__What is expected__
Wherever the listing holds a picture, leave it out, and copy the remainder exactly.

__Supplied data__
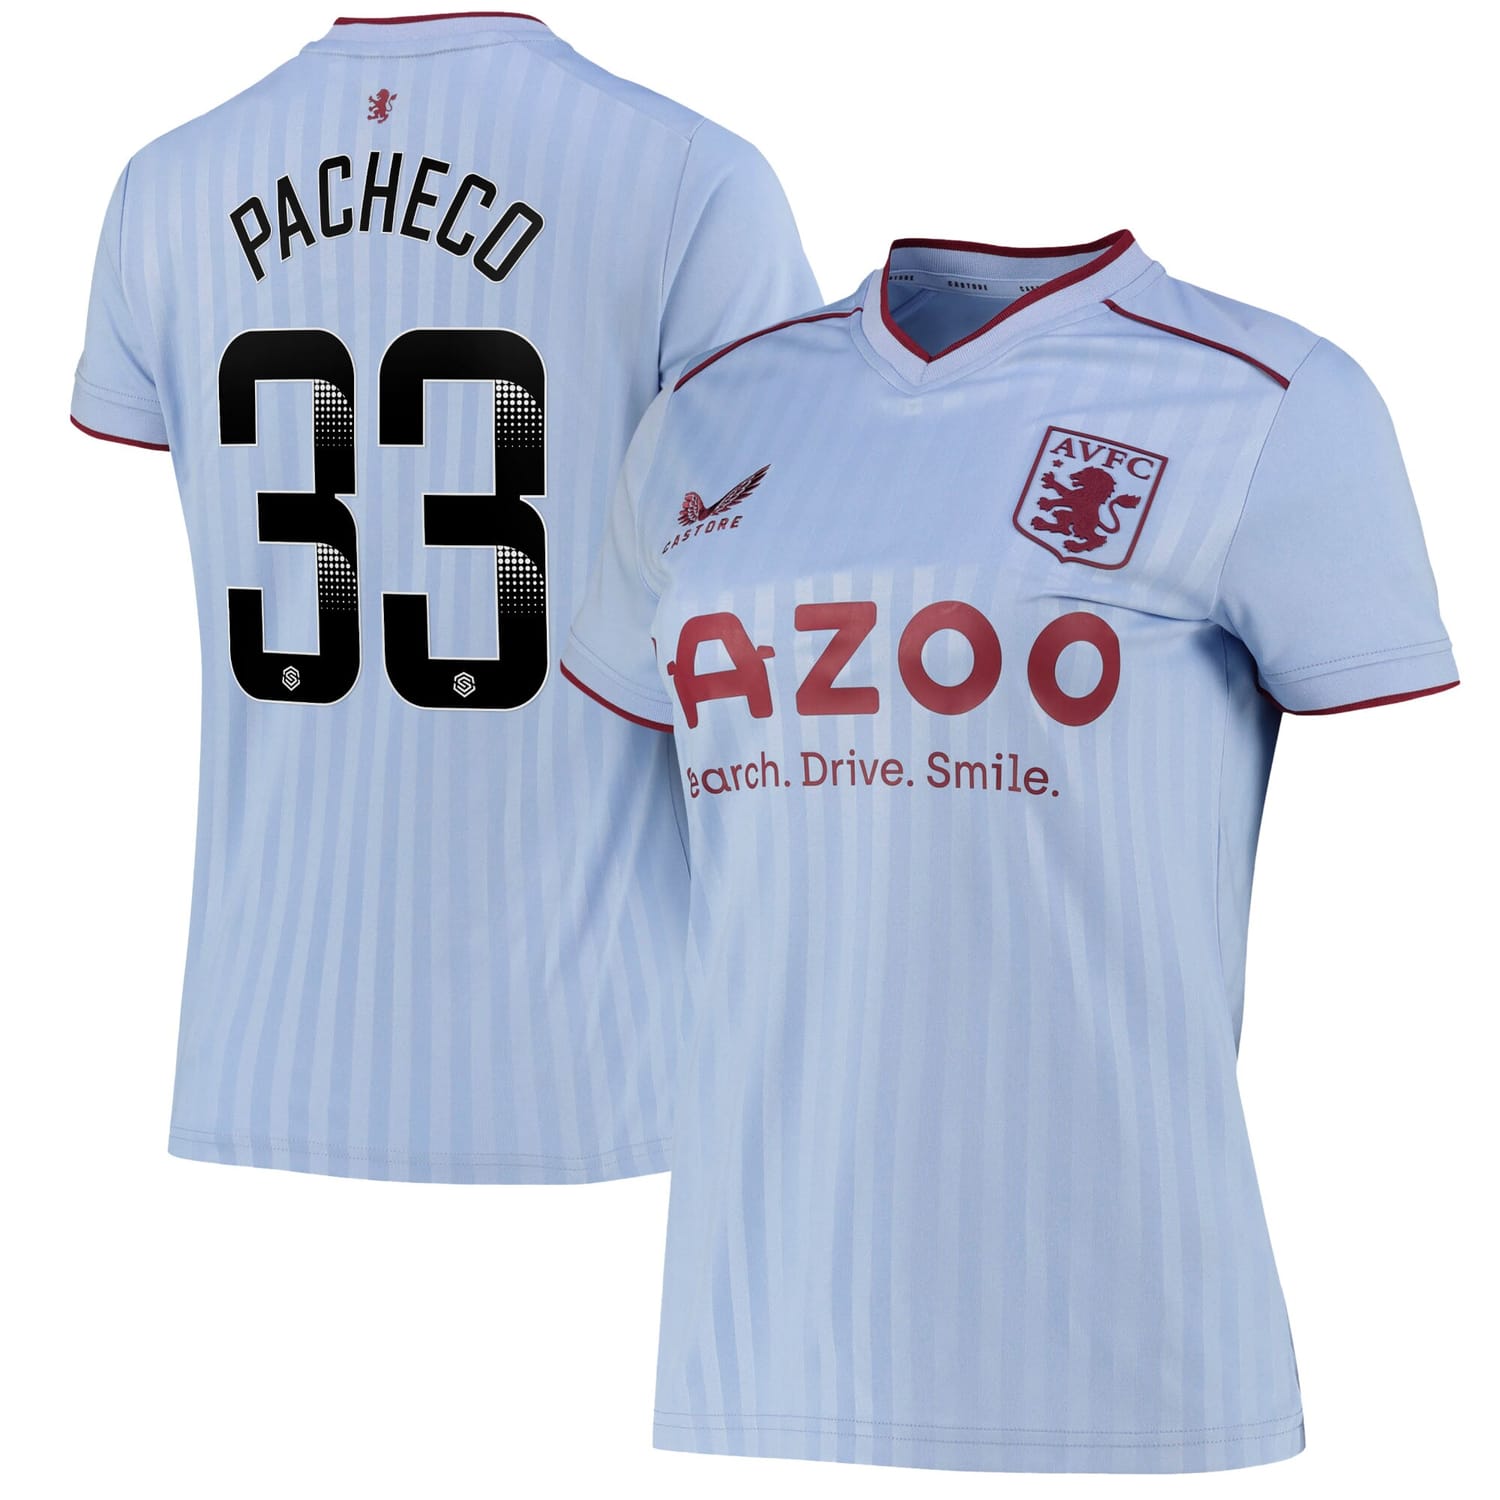 Premier League Aston Villa Away WSL Jersey Shirt 2022-23 player Mayumi Pacheco 33 printing for Women
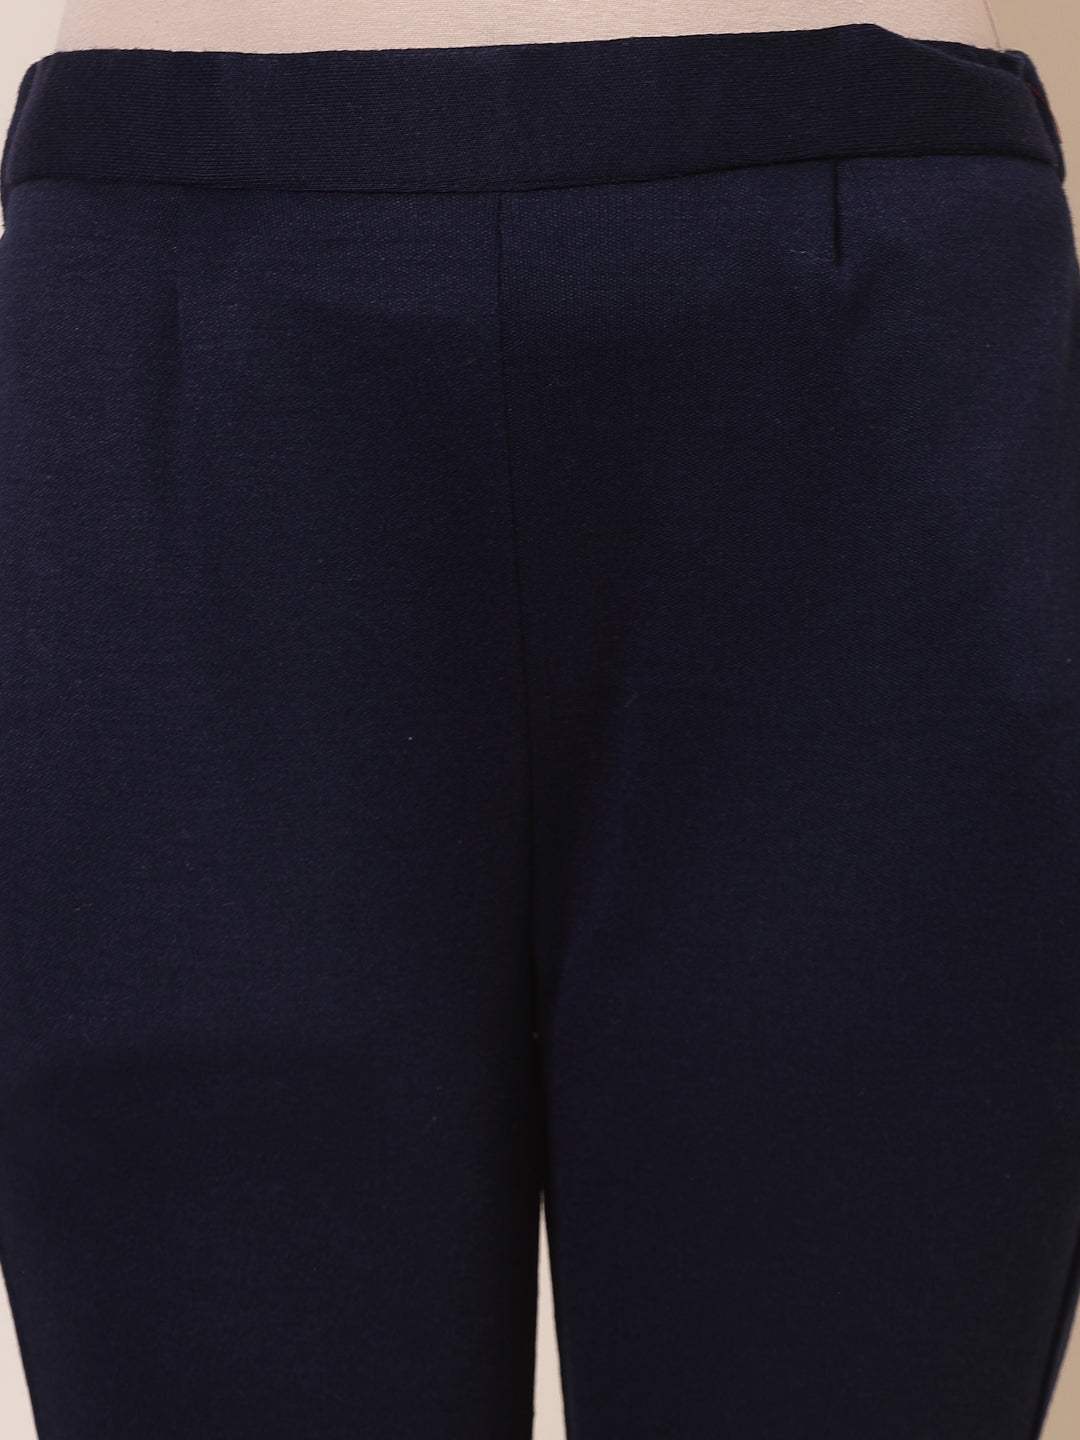 Light Fawn & Navy Blue Solid Woollen Trouser (Pack of 2)
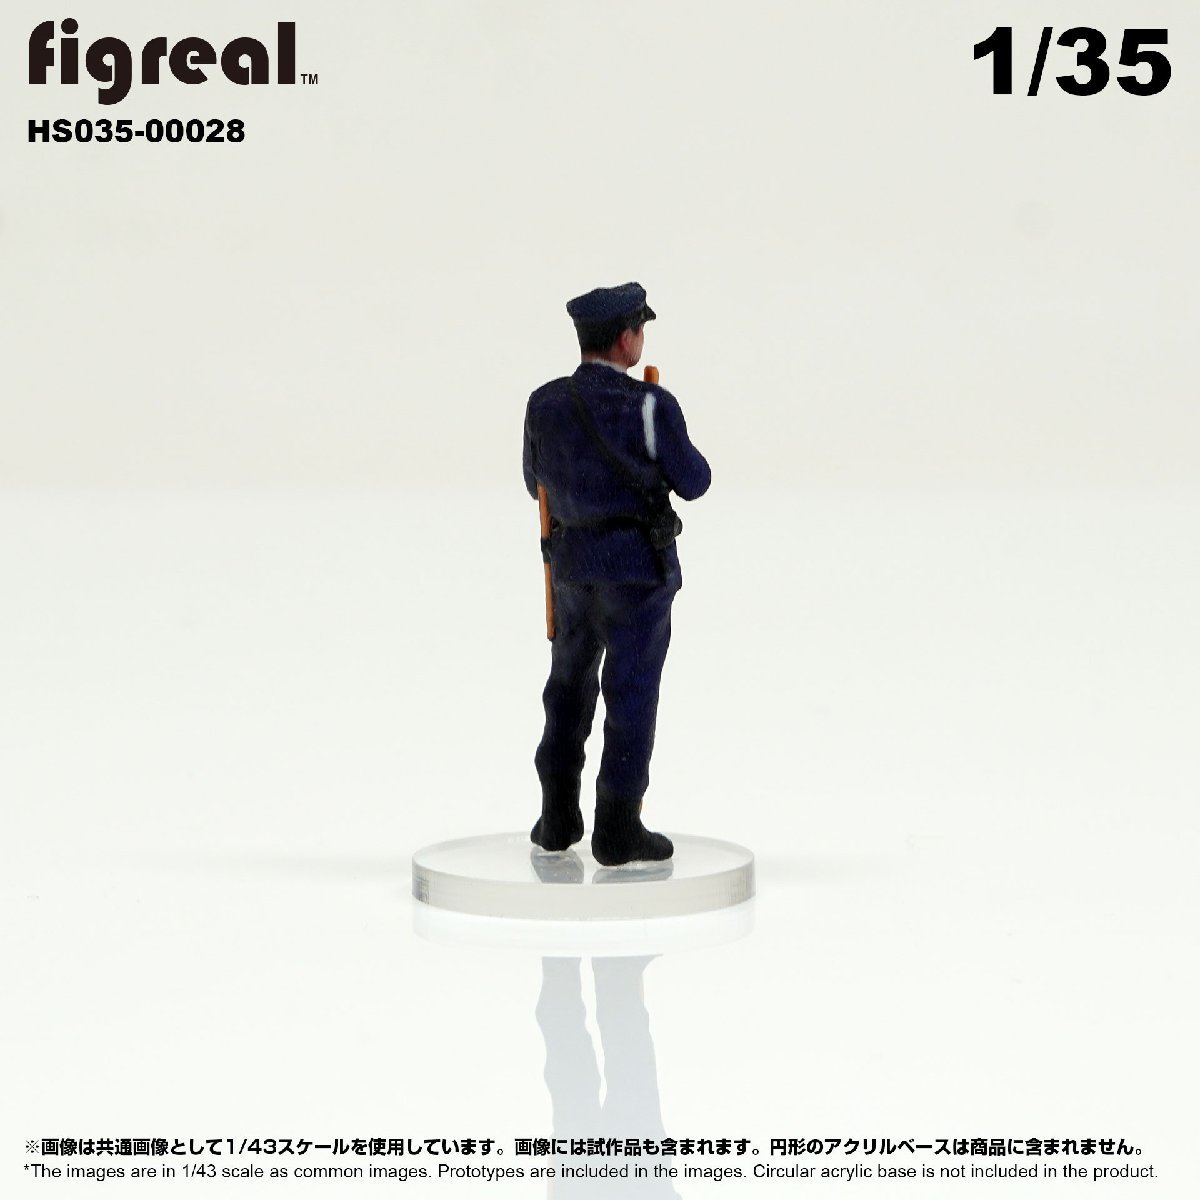 HS035-00028 figreal 旧日本警察官 1/35 高精細フィギュア_画像5

__Task response__
 Premier League Aston Villa Away WSL Jersey Shirt 2022-23 player Mayumi Pacheco 33 printing for Women
 Light Fawn & Navy Blue Solid Woollen Trouser (Pack of 2)
 HS035-00028 figreal 旧日本警察官 1/35 高精細フィギュア_画像5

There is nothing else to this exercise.